There was also the pony in the bed. He had thought about waking her but she seemed to be sleeping so peacefully that he couldn’t find it within himself to rouse her. Granted, he had nearly seen his own demise by means of a pony hoof to the neck. Perhaps, it would have been wise to try again but it was too late for any regrets now.

“Hey, I saw that you-” He spoke no more as the demise he had nearly seen came to pass. The pink hoof struck true, cracking him right in the temple. His body collapsed to the floor in a tangled pile of limbs, his head lolling off to the side.

The owner of the hoof snuggled back into the bedsheets, completely oblivious to the entire altercation, but not before turning the alarm into scrap first.


“Shiny, wake up.” Cadence nuzzled her odd looking husband, in hopes that he would wake up. By odd, she meant that she couldn’t remember the last time her husband had been so hard - in this area at least. His skin felt akin to polished stone and he had red horns protruding from the sides of his head.

Maybe, she had a bit too much salt last night.

Maybe, I had a bit too much of everything, she thought. It feels like my head is gonna explode.

“Princess! What are you doing with that… thing!?” A pink-coated filly stood in the doorway with eyes the size of dinner plates. Questions like, who is the filly and how the buck did she get in my room, were prevalent within her mind but she paid them no heed. She needed to defend her husband.

“Don’t call my husband a thing! He’s a very handsome, loving, and caring pony! He just… looks a little strange right now is all.” She glared daggers at the little filly. How dare she call him a thing!

“You’re married to that thing? That’s gross!”

“Shut up, you stupid bitch!”


Well that certainly got out of claw quickly, he thought.
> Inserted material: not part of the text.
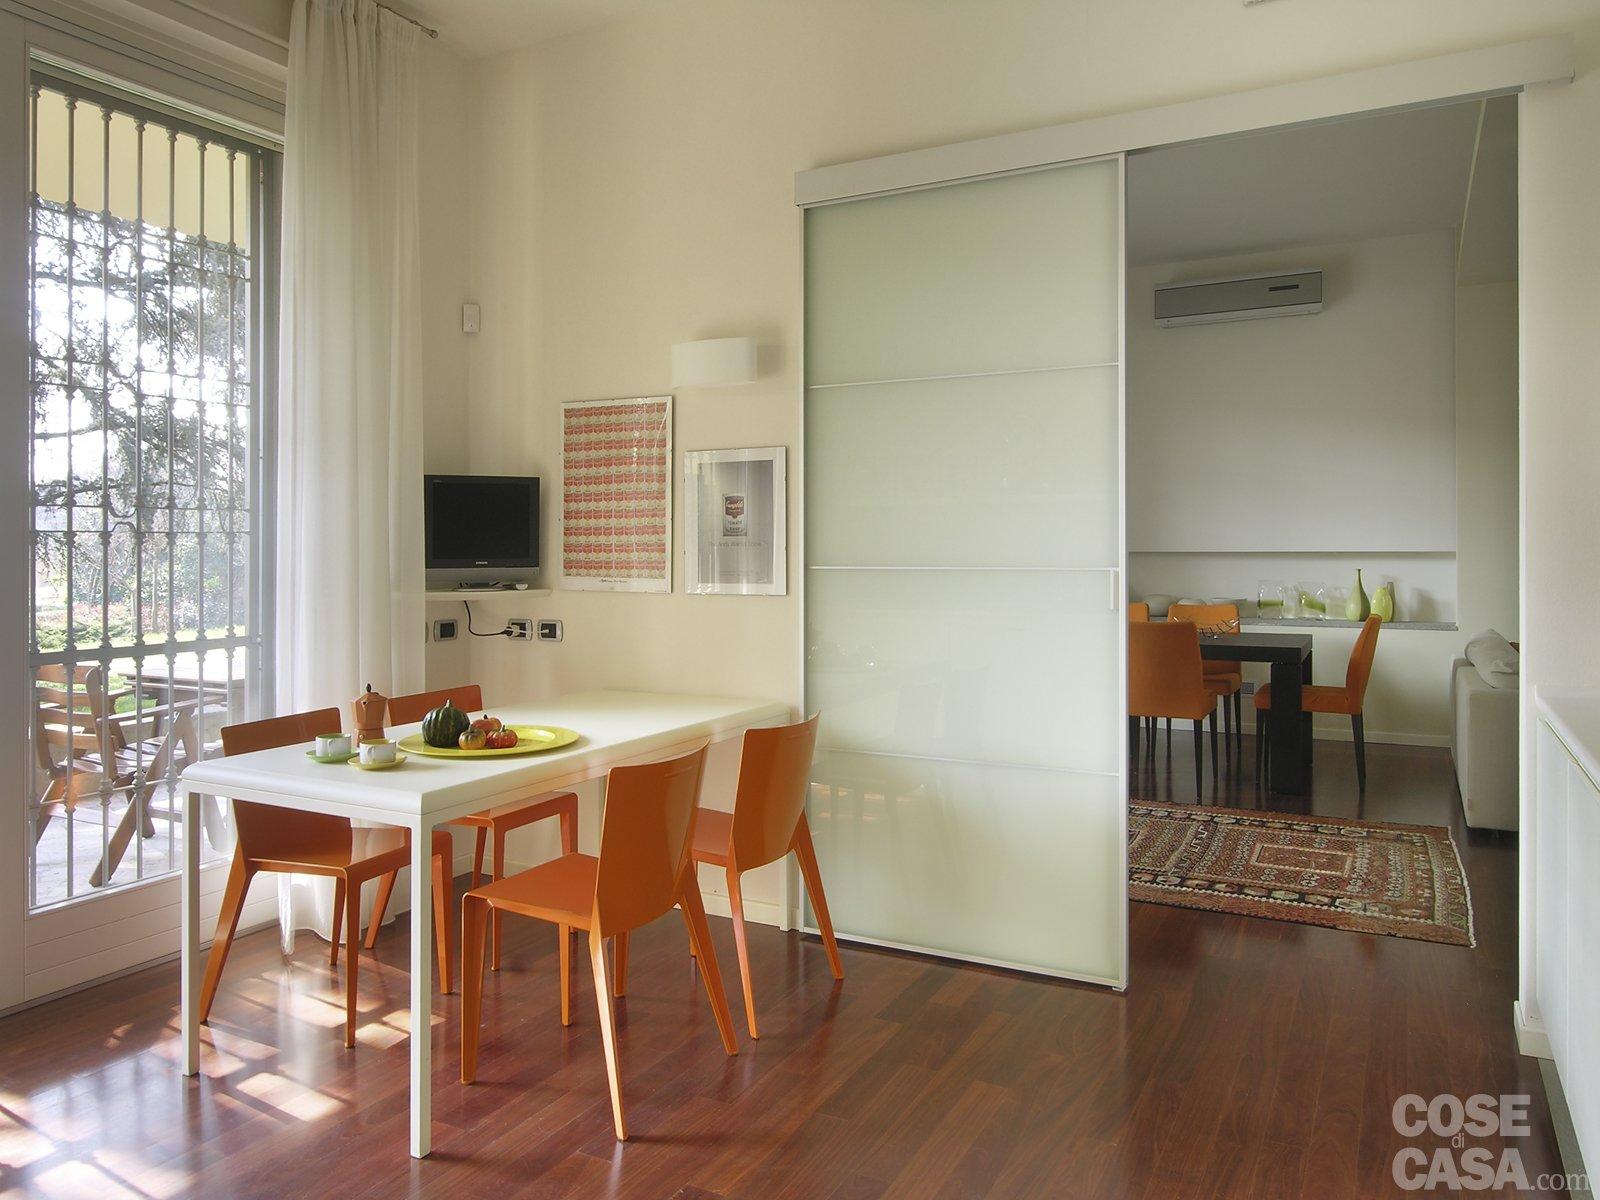 Una casa con tante idee da copiare cose di casa for Immagini per pareti interne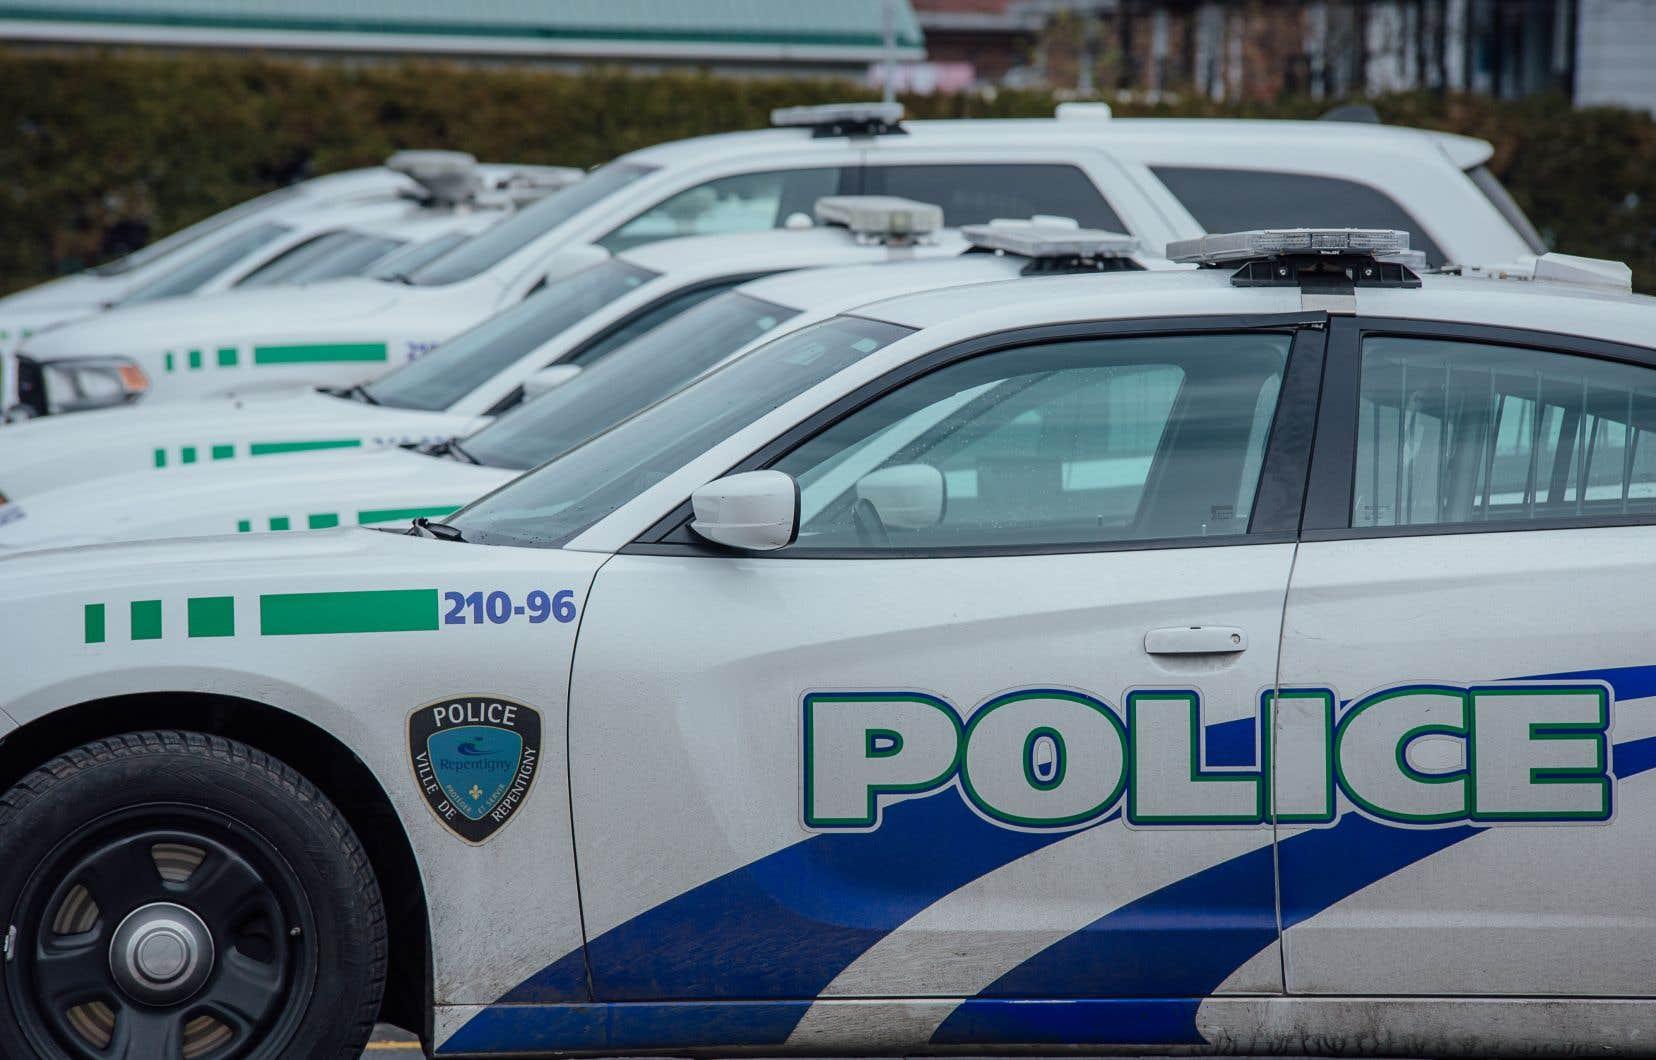 «Les policiers auraient tenté de verbaliser avec le sujet qui aurait pris la fuite à pied. Ce dernier aurait eu en sa possession un couteau et se serait montré menaçant envers les policiers», indique le communiqué du BEI.

I’ll have to replace the sugar with the salt - It would be hilarious!

Now, he just had to wait for Celestia to find out about what he had done, so she could give him her typical slap on the wrist. It was ever so fun toying with her - especially last night, when he had replaced her daily announcement script with a cultist letter. The repercussions of that little joke would be well worth the punishment.

But there was time to waste, now that he had accomplished everything he had set out to do. So, there he sat, trying and failing to make conversation with the statue that he sat upon.

“So, Lady Liberty! How’s it going? It’s been quite some time since we last spoke, hasn’t it?” He paced around on the snout of the statue - sitting down was quite uncomfortable.

“Discord,” the mare said.

He stopped his pacing, looking directly into the large stone eyes that were now fixed on him. “Yes?”

“Get the hell out of my city.”

And that was the end of any further conversation, as a green hoof swatted him off her snout and into the surrounding water.

She never was one for small talk, he thought, as he sank to the bottom of the ocean.